N'était-ce pas la démonstration de ce réalisme qui n'était pas le moins du monde une compromission; ou alors le jugement sur M. Harmel doit être étendu à M. Marzouki ?Par ailleurs, comment qualifier l'abandon des valeurs supposées être celles d'une vie pour se maintenir au pouvoir ? N'est-ce pas la compromission par excellence avec les tenants d'une conception de la démocratie trouée d'illégalités et d'esprit machiavélique?

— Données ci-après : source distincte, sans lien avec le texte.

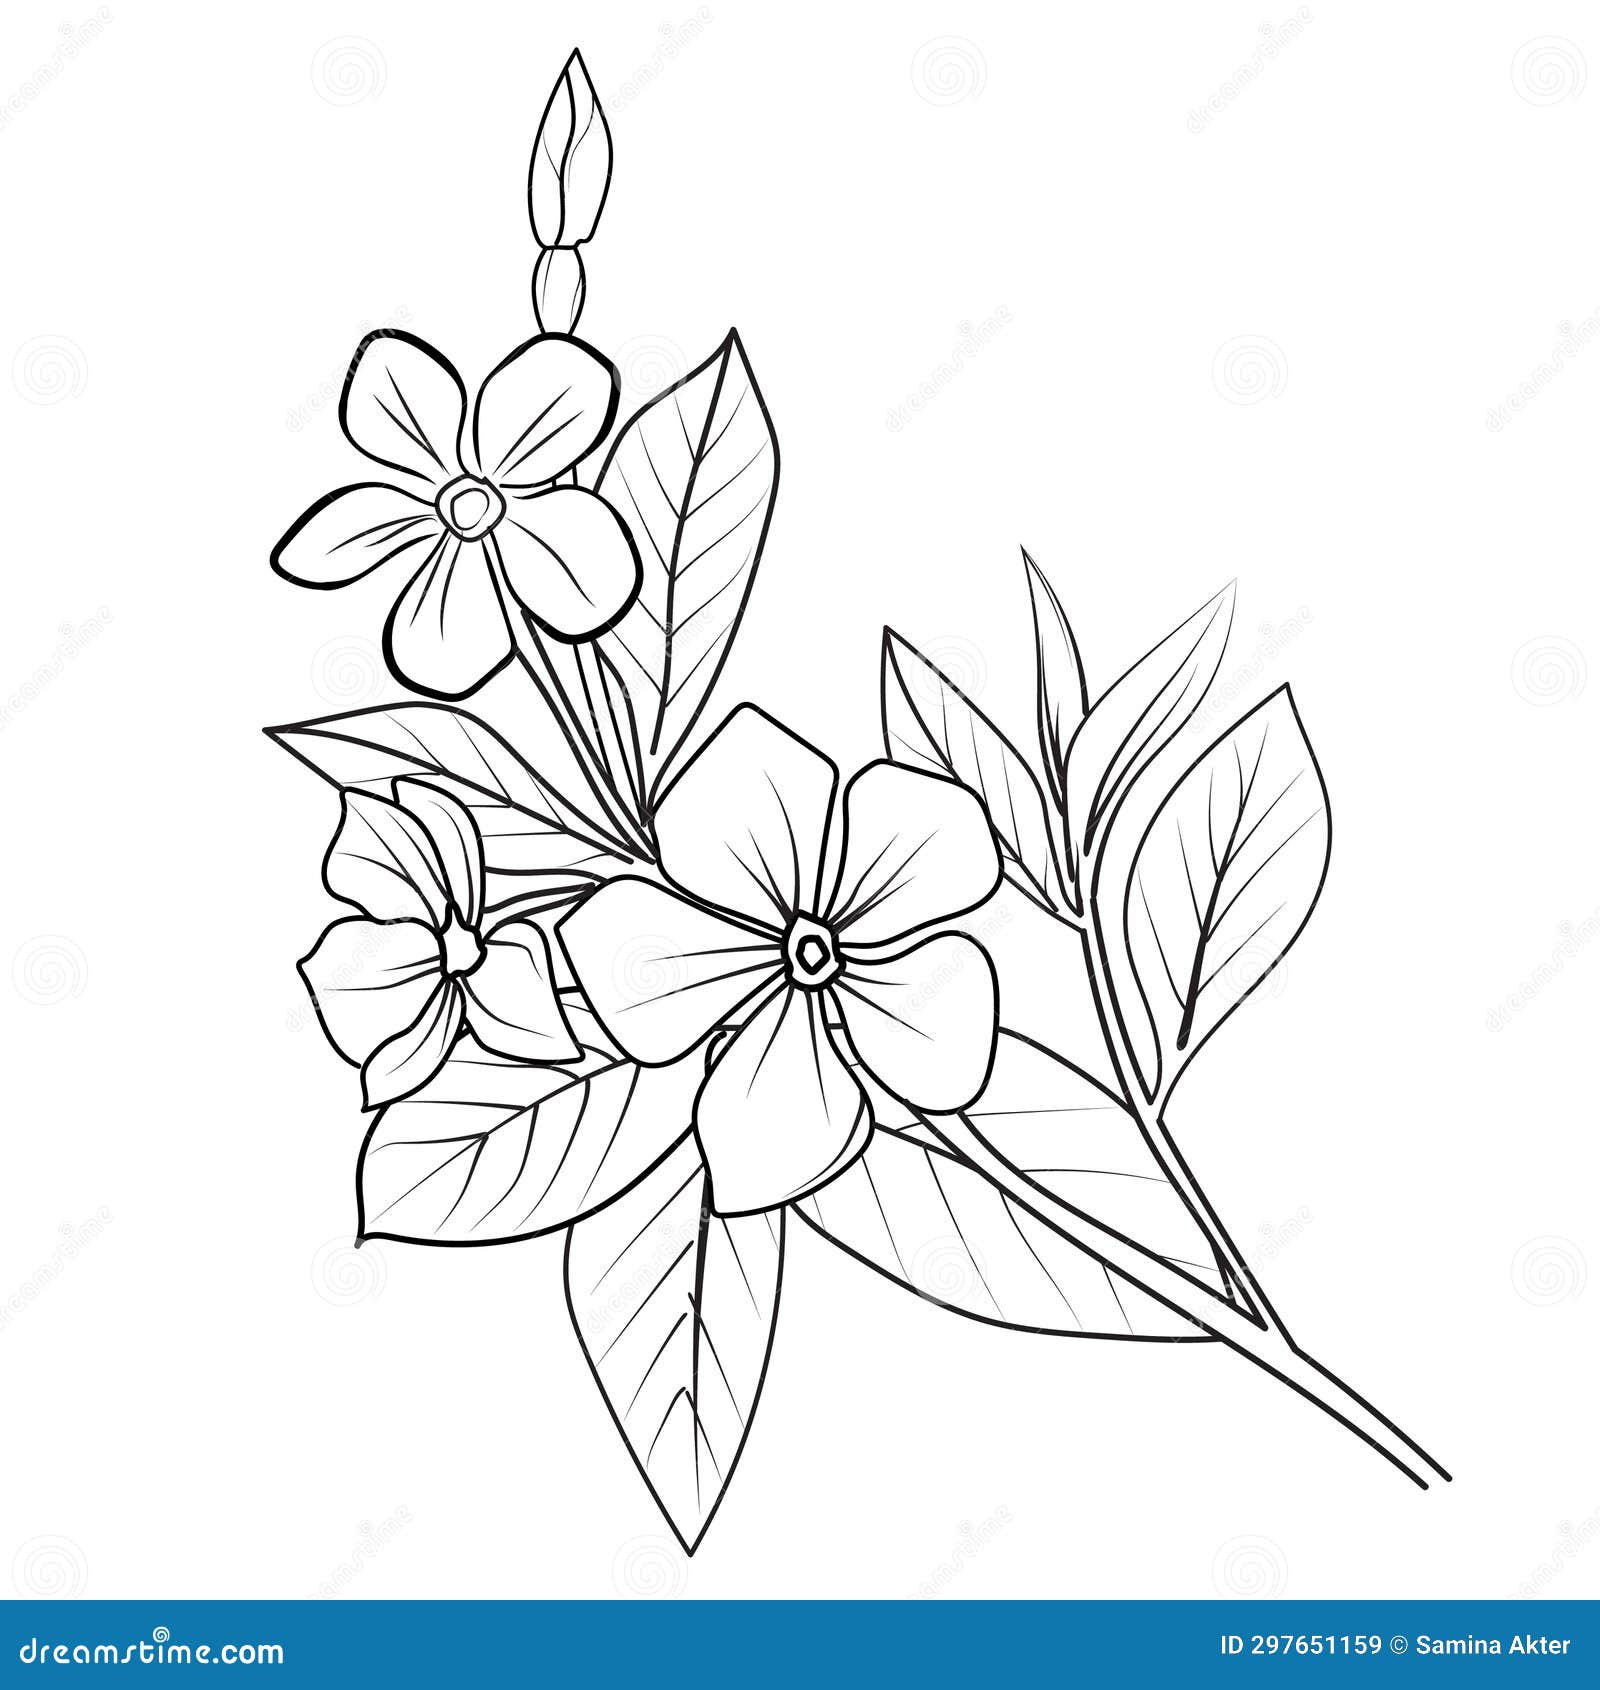 Daisy Flower Drawing Kids Coloring Page With Pencil Line Art Design In  Detailed Vector Graphic Stock Illustration - Download Image Now - iStock

Le fond de la question est que notre politologue, tout comme la plupart des penseurs occidentaux, reste marqué par un substrat judéo-chrétien qui est, comme on le sait, à la base de la pensée occidentale. Or, sur la base de ce fonds, on estime que l'islam n'est pas et ne doit pas être en mesure de dépasser un stade de prémodernité. Aussi, la lecture caricaturale qu'en font MM. Ghannouchi et Marzouki est à encourager en étant considérée comme le maximum à attendre pour un islam politique, soit une version frelatée de la démocratie. Cela arrange les intérêts de l'Occident, toujours donneur de leçons, et qui a surtout peur que la démocratie soit refondée en Tunisie, échappant à son contrôle.
Mais le cours de l'histoire ne saurait s'arrêter! La Tunisie qui a su innover en politique avec son coup du peuple modèle ne se satisfera pas d'une sous-démocratie voulue par ses élites de connivence avec un Occident arrogant, oublieux de ses propres valeurs. Elle saura leur imposera une «postdémocratie» en phase avec l'époque postmoderne qui a signé la mort de la Modernité occidentale telle qu'on l'a connue. Aucun sociologue compréhensif digne de ce nom ne dira autre chose aujourd'hui quoi que puissent raconter, dans des interviews de commande, des politologues relevant d'un paradigme fini.